Japan mulls drilling near disputed gas field: Report
Tokyo: Japan may start drilling near a gas field in disputed waters of the East China Sea if China does the same, the Nikkei business daily reported on Sunday, as territorial tensions between the countries grow.
Japanese Prime Minister Naoto Kan and his foreign minister said Tokyo will take "countervailing steps" if China starts drilling at the Chunxiao gas field to which Beijing recently sent equipment, Nikkei said, adding that Tokyo had looked into possibly taking the case to international maritime court.
The exchange over the gas field is adding to an increasingly testy Sino-Japanese argument about territorial rights in the seas, especially around a group of uninhabited islets called the Diaoyu islands in China and the Senkaku islands in Japan.
The dispute flared earlier this month after Japan arrested the captain of a Chinese fishing boat, following collisions with Japan Coast Guard ships near the islands.
China has repeatedly demanded Japan free the captain, whose detention period is set to expire on Sunday, and has bared its anger by cancelling planned talks with Japan over natural gas reserves.
Japanese prosecutors can hold the Chinese boat captain for up to a total of 20 days, up to September 29, while deciding whether to take legal action.
On Saturday, about a hundred Chinese protesters in several Chinese cities demanded Japan free the boat captain. Police presence was still heavy at the Japanese embassy in Beijing on Sunday but there were no signs of protests.
The two countries are at odds over China`s exploration for natural gas in the East China Sea, while Beijing is also involved in territorial disputes with Southeast Asian nations in the South China Sea over an area rich in energy and key to shipping.

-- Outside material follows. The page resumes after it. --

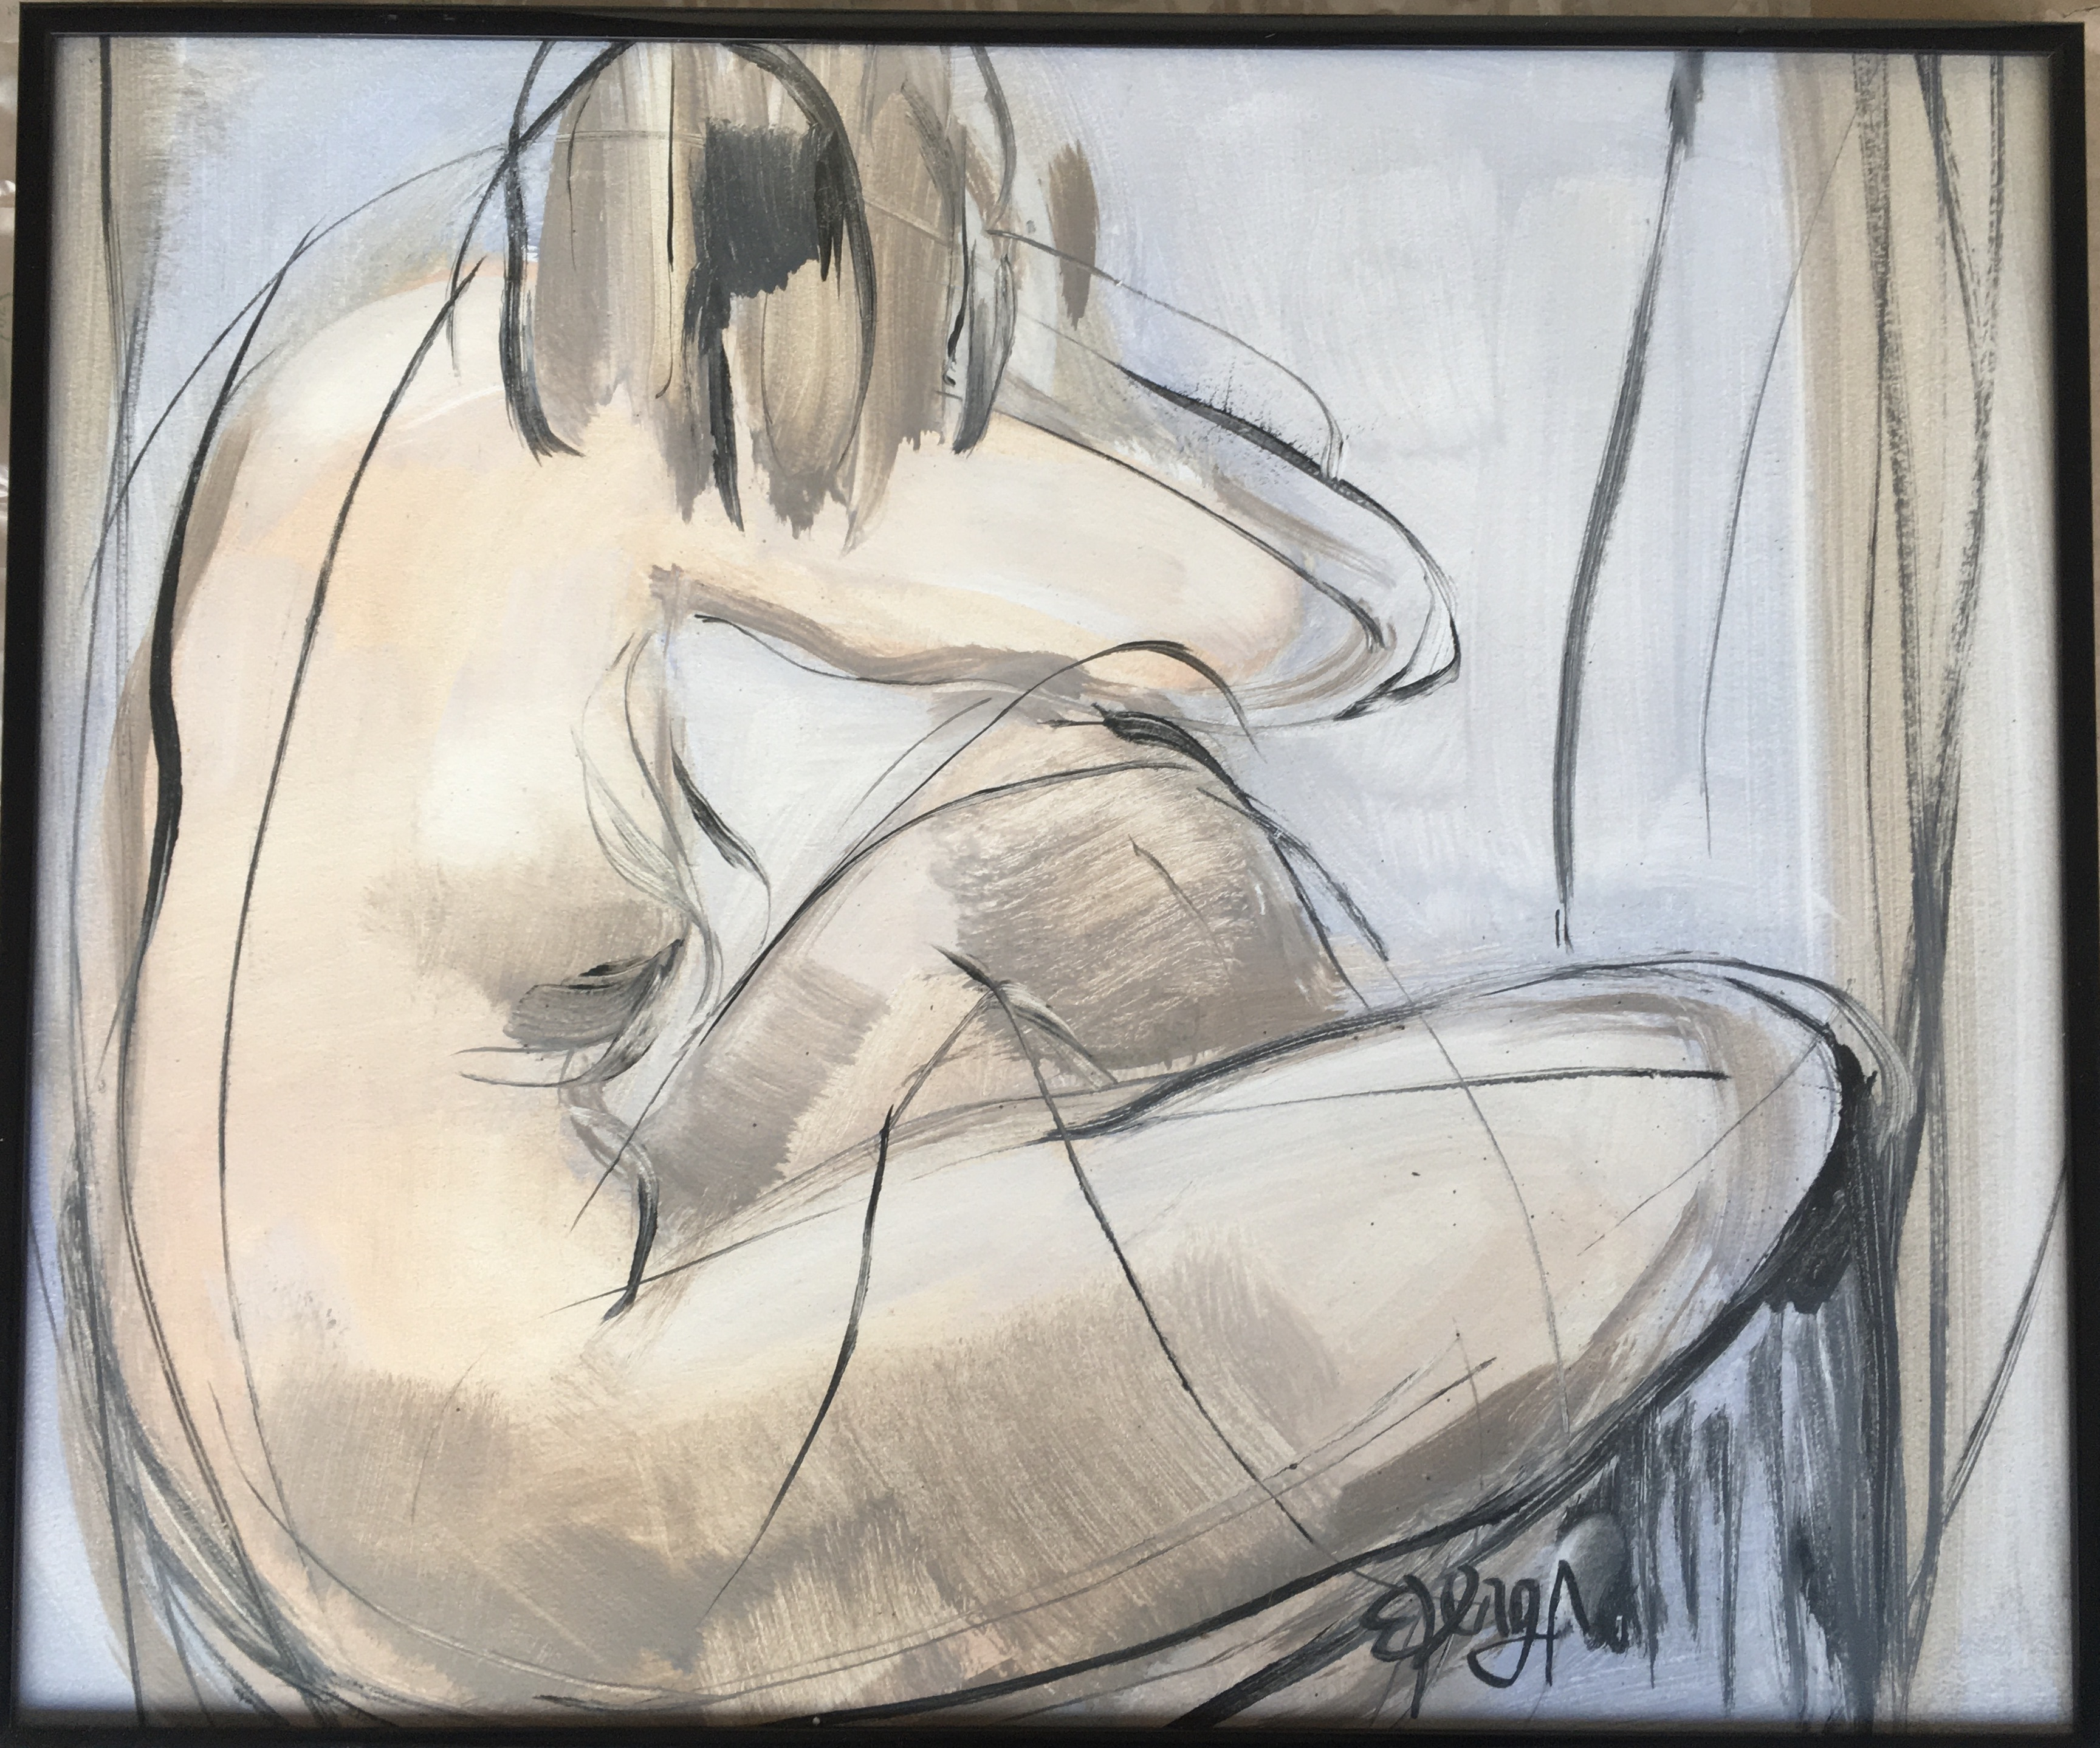 Galerie d'image - Galerie Mona Berga

The Sino-Japanese row centres on where the boundary between the two sides` exclusive maritime economic zones falls. In 2008, the two countries agreed in principle to solve the feud by jointly developing gas fields.
Estimated net known reserves in the disputed fields are a modest 92 million barrels of oil equivalent, but both sides have pursued the issue because there may be larger hidden reserves.